(DATASET SECTION begins)

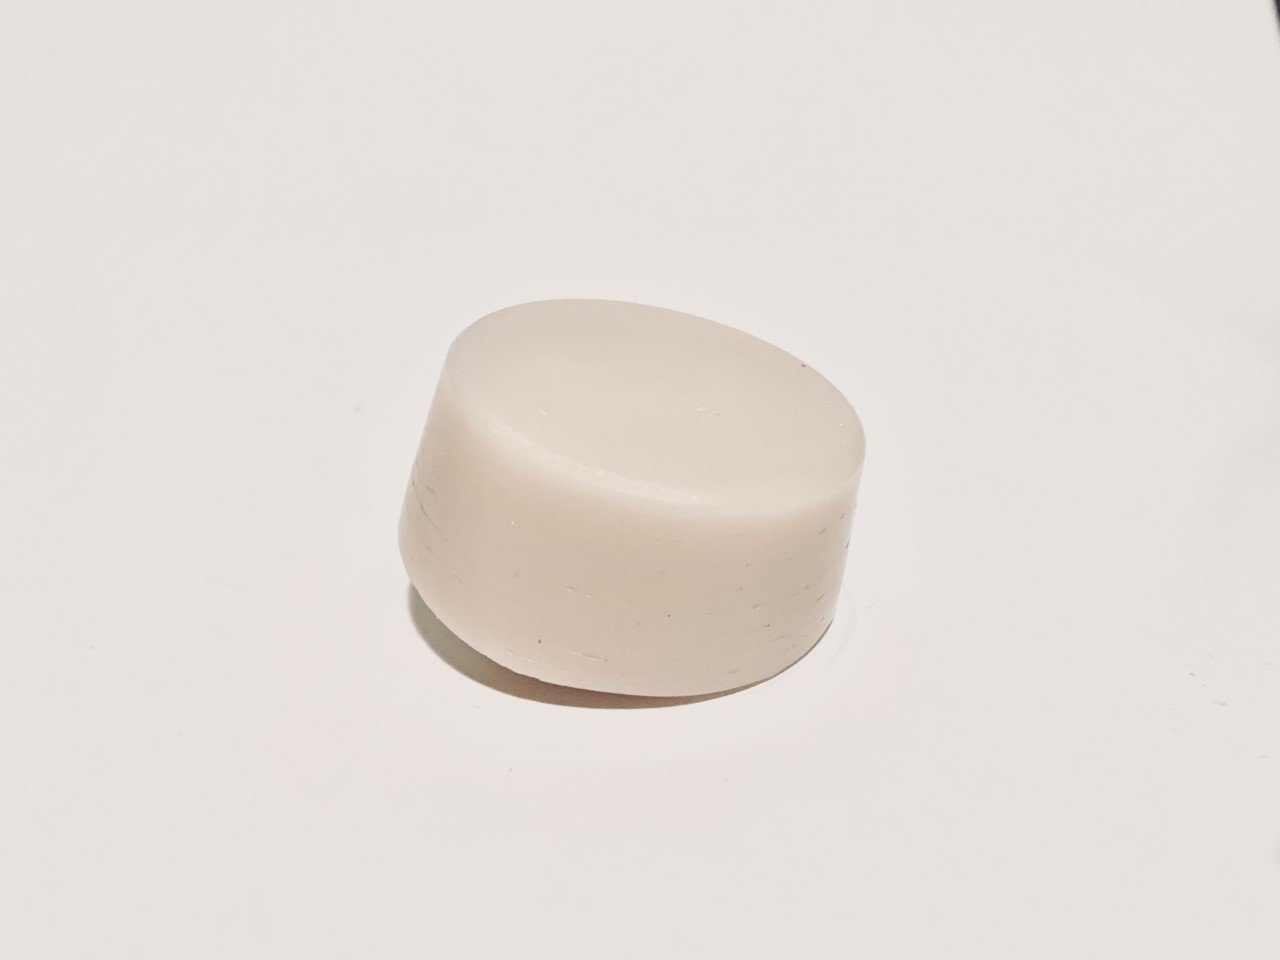 be YOU Conditioner Bar 45-50g - WHOLESALE be YOU - nelsonnaturals remineralizing toothpaste
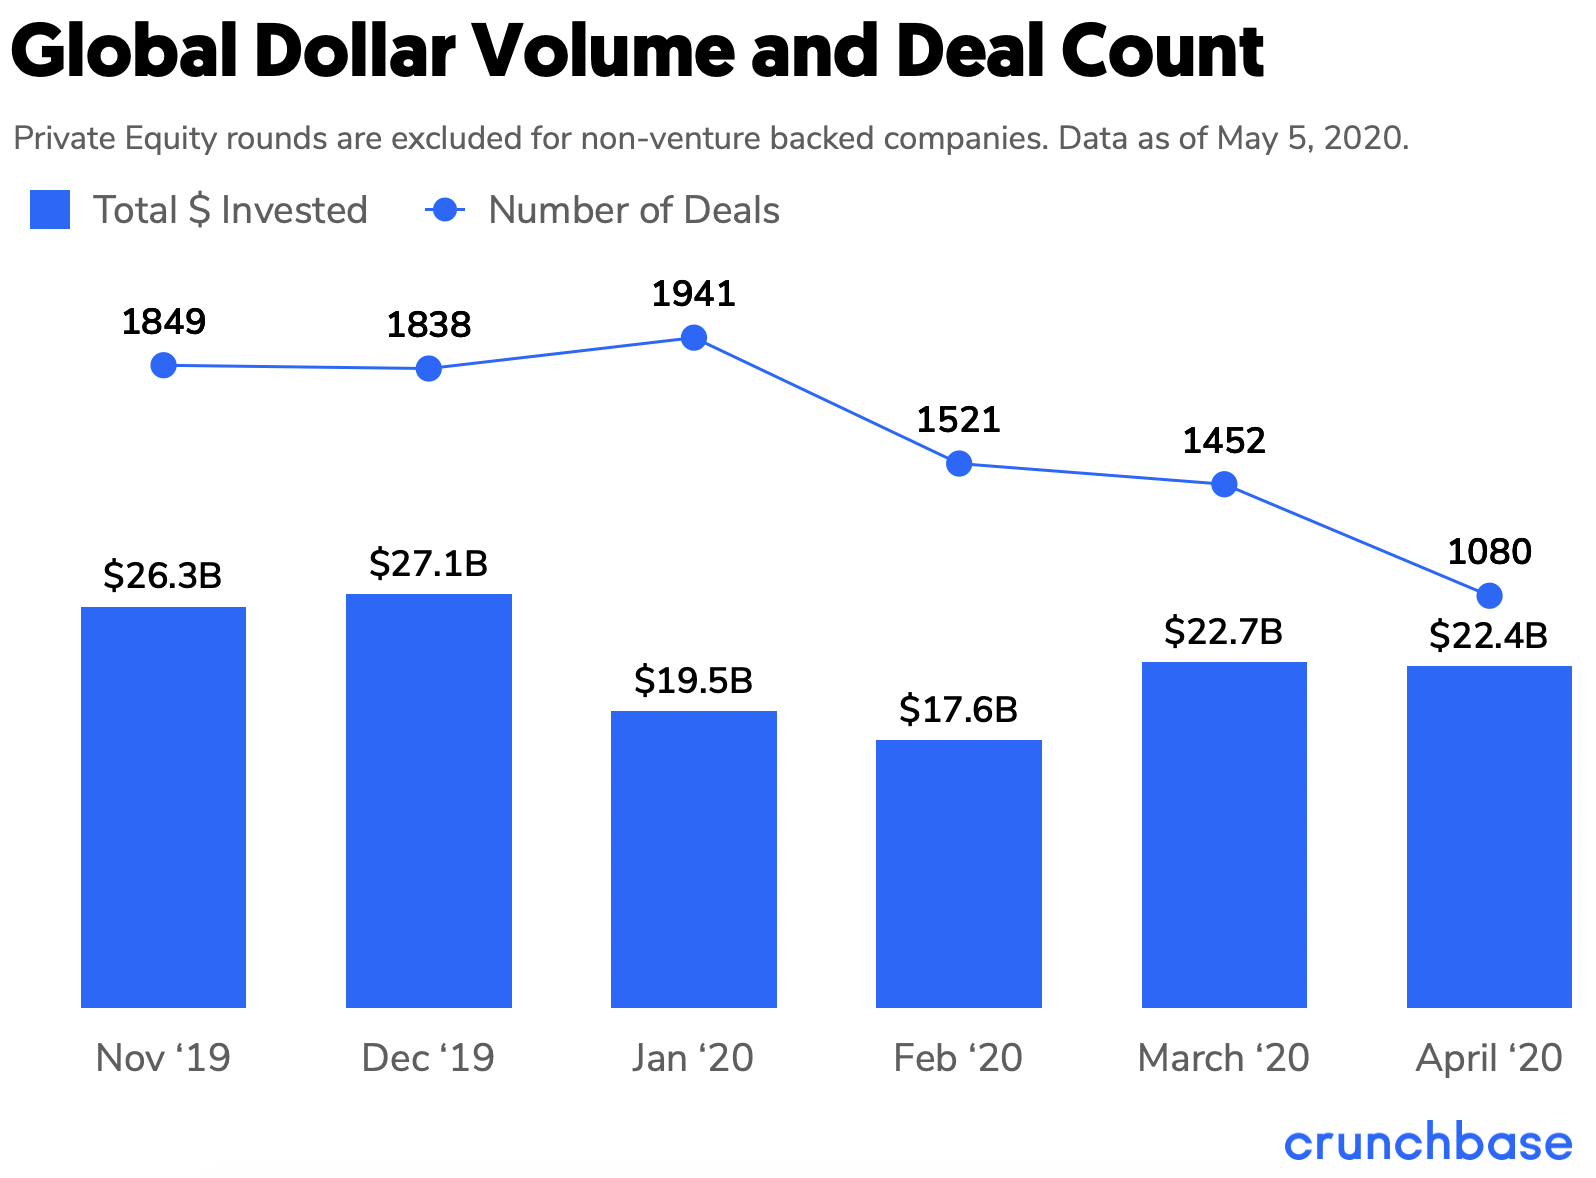 global dollar volume and deal count - Crunchbase monthly rundown
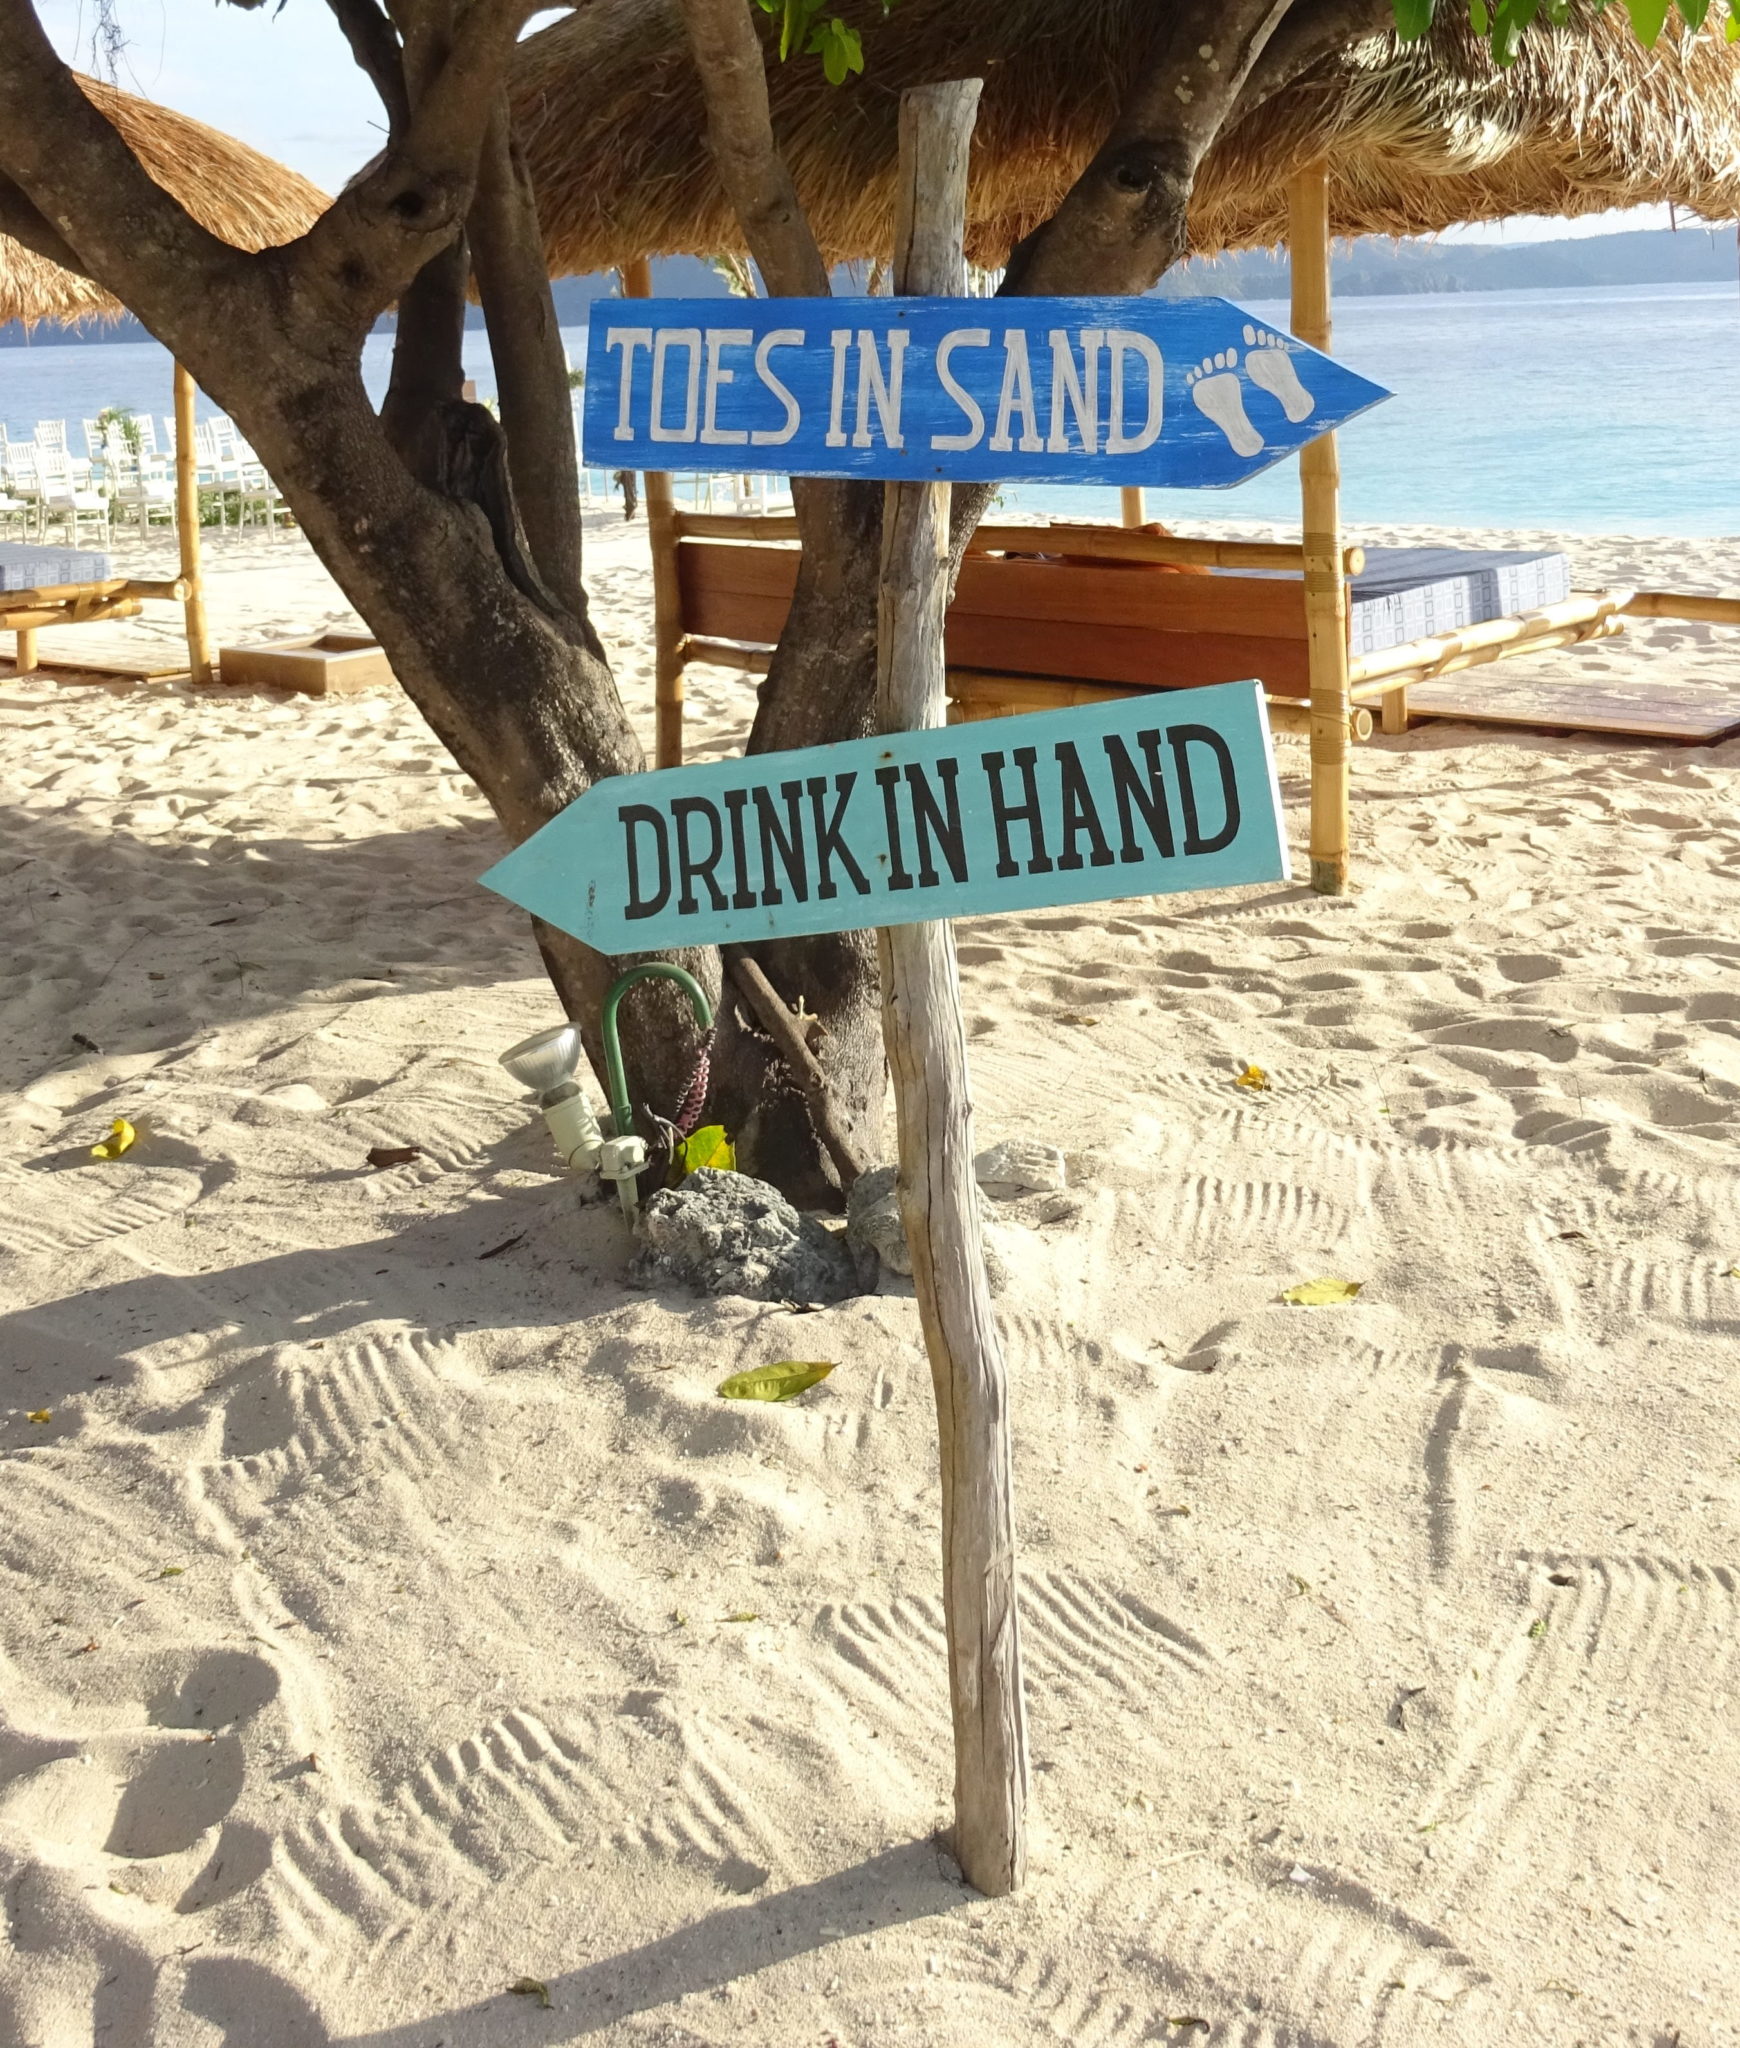 Wooden signs on a post in the beach reads 'toes in sand' and 'drink in hand'

(DATASET SECTION ends)

INSTRUCTIONS FOR THE TASK — Beginning at the line with "global dollar volume" and ending at the last line of the listing above, retype each line exactly, including those two lines. Leave the pictures out.

RESPONSE FOR THIS EXERCISE —
 global dollar volume and deal count - Crunchbase monthly rundown
 Wooden signs on a post in the beach reads 'toes in sand' and 'drink in hand'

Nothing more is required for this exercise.